Just take a tiny bit off - it will help both you and her to regain your confidence - you can always take a little more off in a weeks time.
Kiki's nails are black too - and I just take a tiny bit off. To be honest really just her dew claws that need doing as we do quite a lot of pavement bashing and she wears the others down just on her walks.


----------



## kendal (Jul 16, 2009)

It gets easier with time especially with your own dog as you Lear how their nails grow.

All incas Naples are black and some of echos are black, but its gypsys tan nailr I have caught the quick on more because her quick is so long. 

The best thing to do is just take off small bits, or use a file if your dog will let you.


----------



## Cat 53 (Aug 26, 2012)

I bought nail clippers with a guard on them so you can't cut too much off, my Max is black as are his nail.


----------



## DB1 (Jan 20, 2012)

Try to look at the nail and pad together and only trim the nail where it is longer than the bottom of the pad - the bit that would be hitting the ground - dogs that walk a lot on hard ground wear them down to this level and they don't need trimming further - not easy to tell on a hairy foot I know!


----------



## Jedicrazy (Apr 26, 2011)

Ah bless you but you must not let it put you off.
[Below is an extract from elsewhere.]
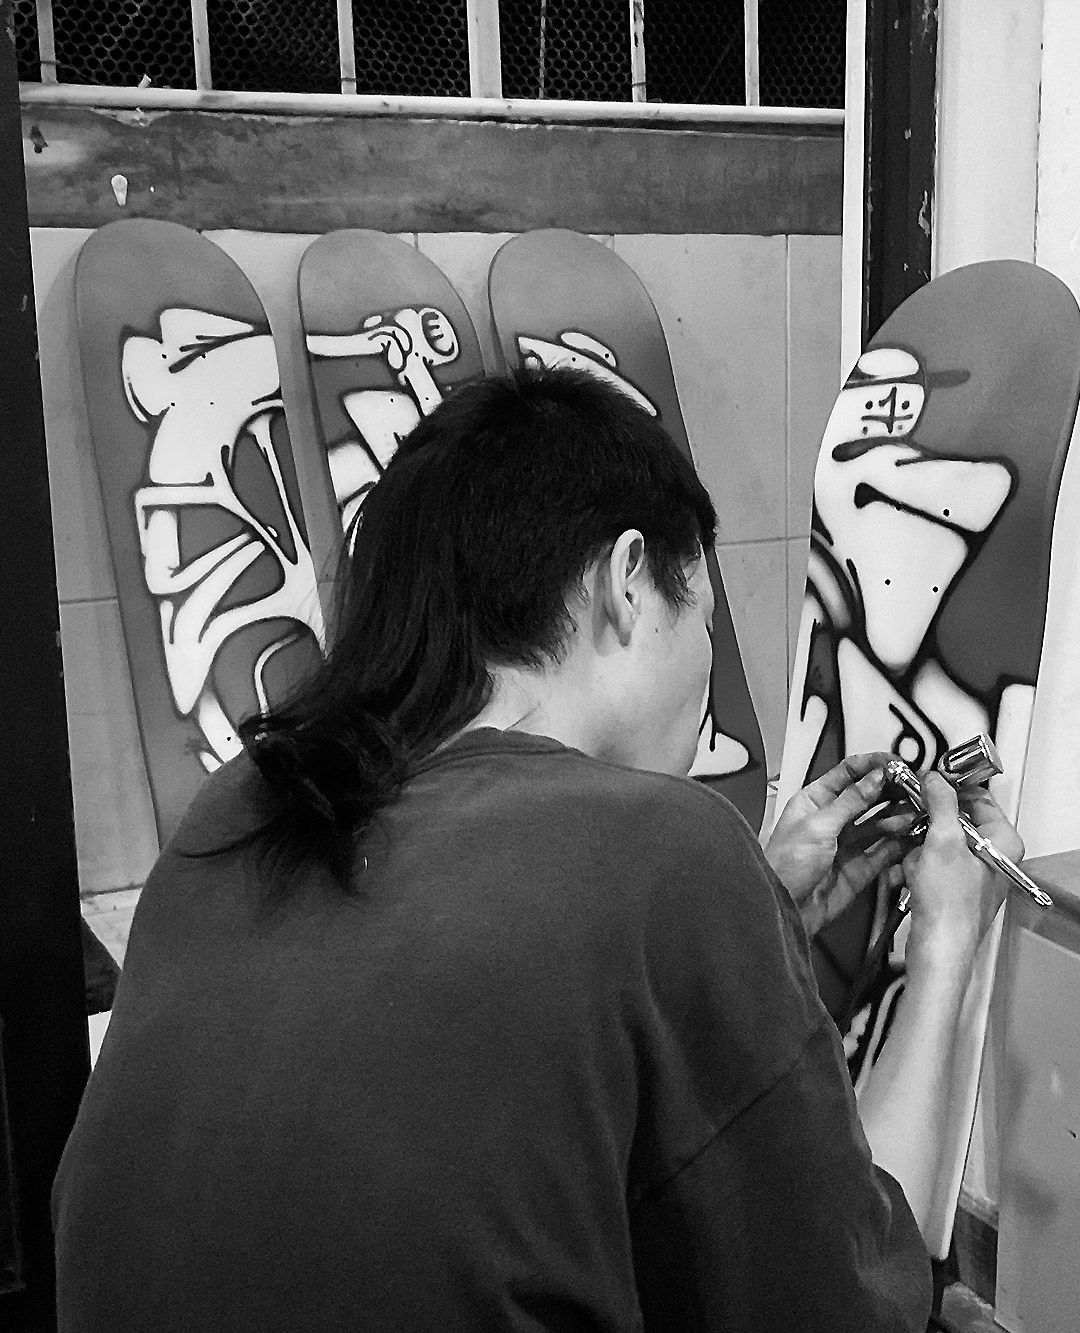 Spraying Board Vietnam, le Work in Progress de l'artiste VuiQa

It's like riding a bike, if you fall off you must get back on. Both of mine have black claws and I use the little and often approach. I've never cut the quick yet ray: If you're really worried you could always try filing them down instead although I've never really looked in to this and don't how good this method is.


----------



## Stela12 (Mar 1, 2012)

Thank you all so much for your advice and words of encouragement. Her nails are probably not too long anyway; I'll be careful and cut only tiny bits.


----------